Broad-spectrum antibiotics, such as vancomycin and ceftriaxone, were administered. However, the patient developed headache and vomiting. Following atonic seizures, she was moved to the intensive care unit (ICU). Phenobarbital and phenytoin were given to the patient. Lumbar puncture (LP) was performed due to suspicion of meningitis. Cerebrospinal fluid (CSF) examination revealed pleocytosis with predominance of polymorphonuclears (PMNs) (Table 1), while the presence of two acid-fast bacilli was reported in the CSF. Four drugs were added to the treatment protocol: isoniazid, rifampin, pyrazinamide, and ethambutol.
Due to persistent vomiting, fever, deterioration of the health status, and non-compliance of the patient with the treatment, the patient was referred to the Children's Medical Center, Pediatrics Center of Excellence, in Tehran, Iran. The laboratory tests were repeated, and a new LP was performed, which revealed lymphocytic pleocytosis with presence of three acid-fast bacilli (Table 1). The protein and glucose pro files of the CSF were consistent with TBM. Regarding the LP, anti-tuberculosis (anti-TB) agents were given to the patient with the addition of streptomycin instead of pyrazinamide, and vancomycin and ceftriaxone were discontinued. Computed tomography (CT) scan showed a mild ventriculomegaly; obstructive hydrocephaly due to the TBM was suggested based on these findings. Dexamethason and acetazolamide were given to reduce the meningeal inflammation.

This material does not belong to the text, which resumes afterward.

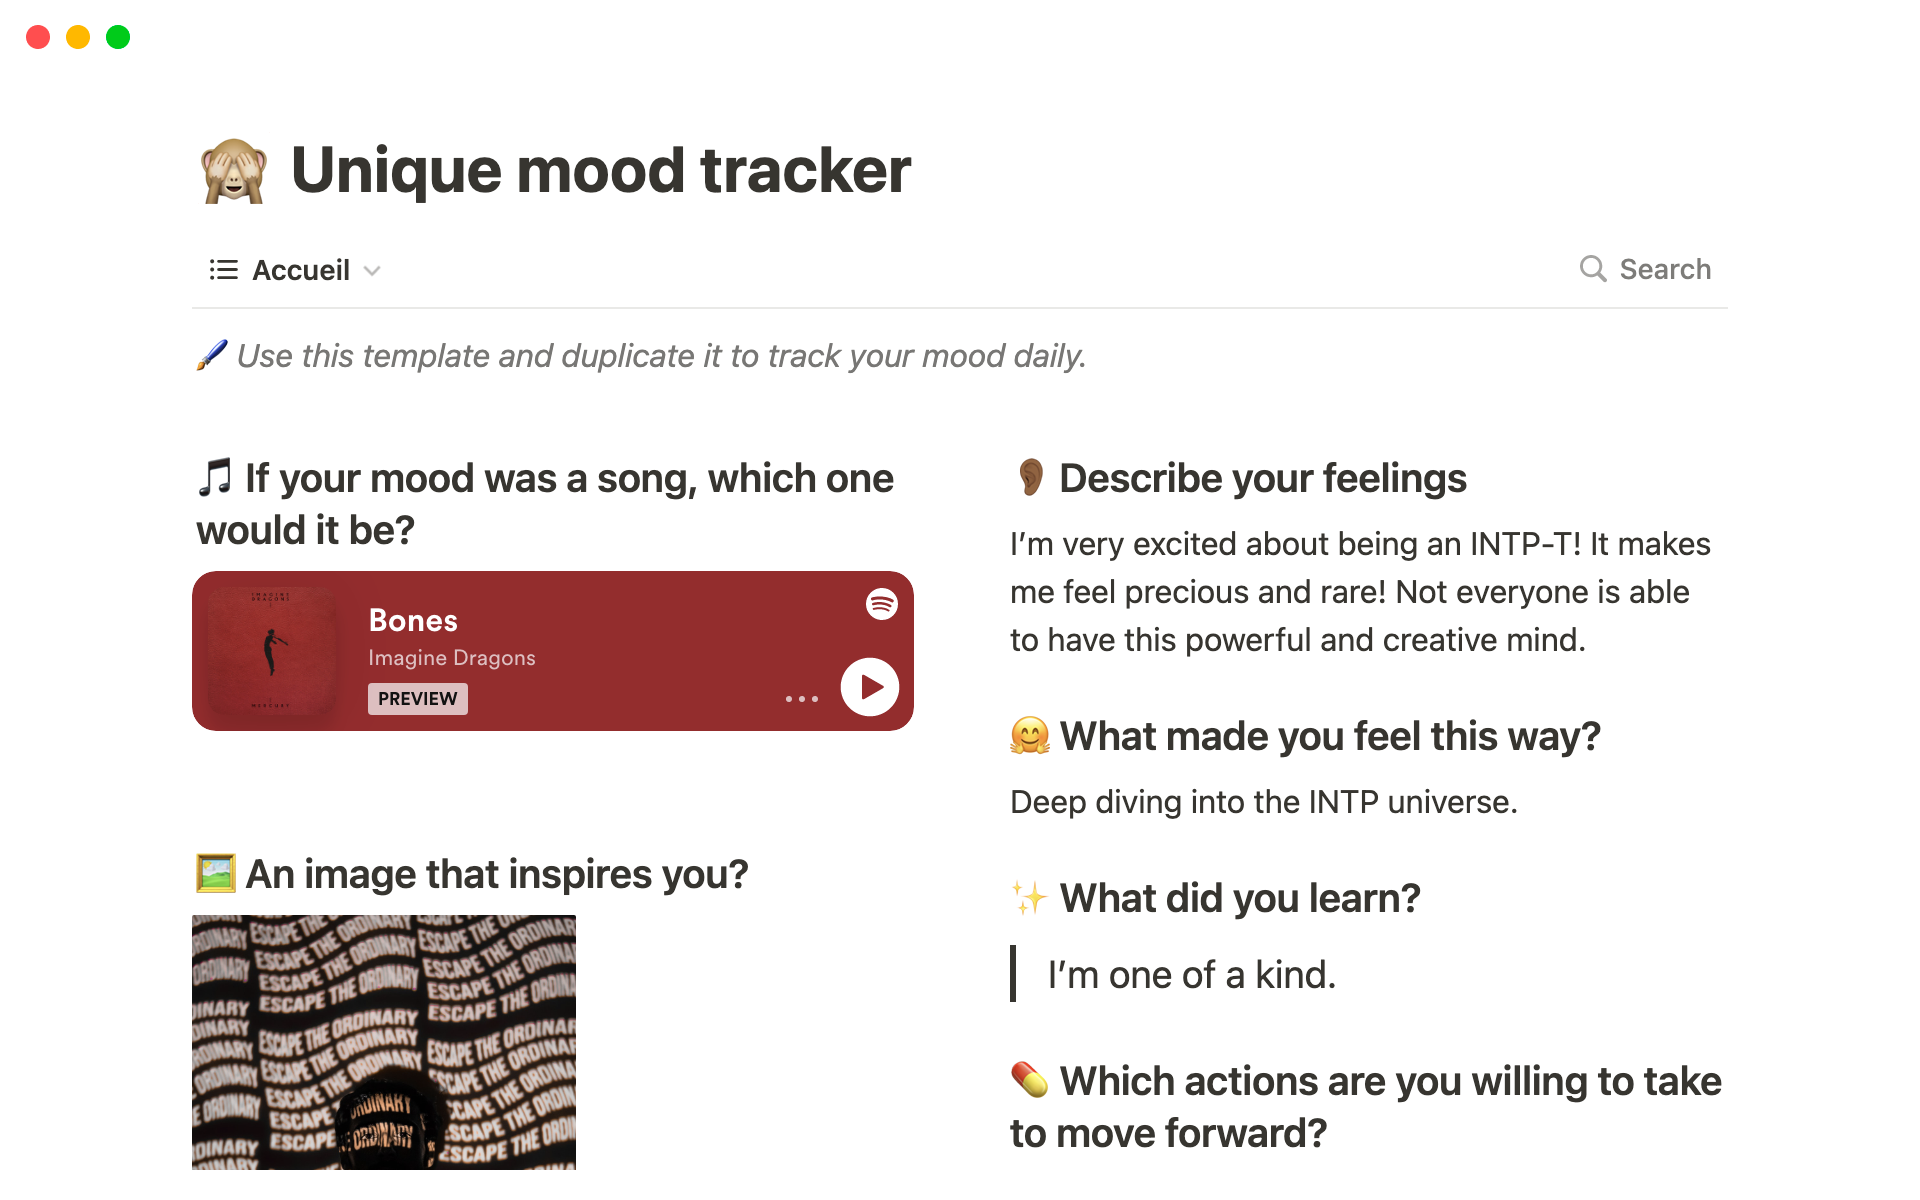 My template helps people work on their emotional intelligence by tracking their moods daily.

Due to the suspicion of immunodeficiency, immunologic laboratory tests were performed. Immunoglubins and complement, anti-tetanus and anti-diphtheria seroprotection titers, and B-and T-cell enumeration were all in normal range. The phagocytic cell function was tested with a nitrobluetetrazolium (NBT) slide test, which was defective. NBT was repeated and flow cytometric dihydrorhodamine 123 (DHR) assay was also performed, and the results were compatible with the diagnosis of CGD. Then, the patient was treated with interferon-γ as well as co-trimoxazole and itraconazole as prophylactic antibiotics and antifungals. After five days, symptoms including fever improved, except for headache and vomiting. Due to consistent headache, a ventriculoperitoneal shunting was performed, resulting in dramatically improvement of headache and vomiting. After three days, fever and all of the symptoms improved; the patient was discharged with good condition. Anti-TB drugs were continued for nine months, while the patient was prescribed INF-γ and prophylactic antifungals and antibiotics.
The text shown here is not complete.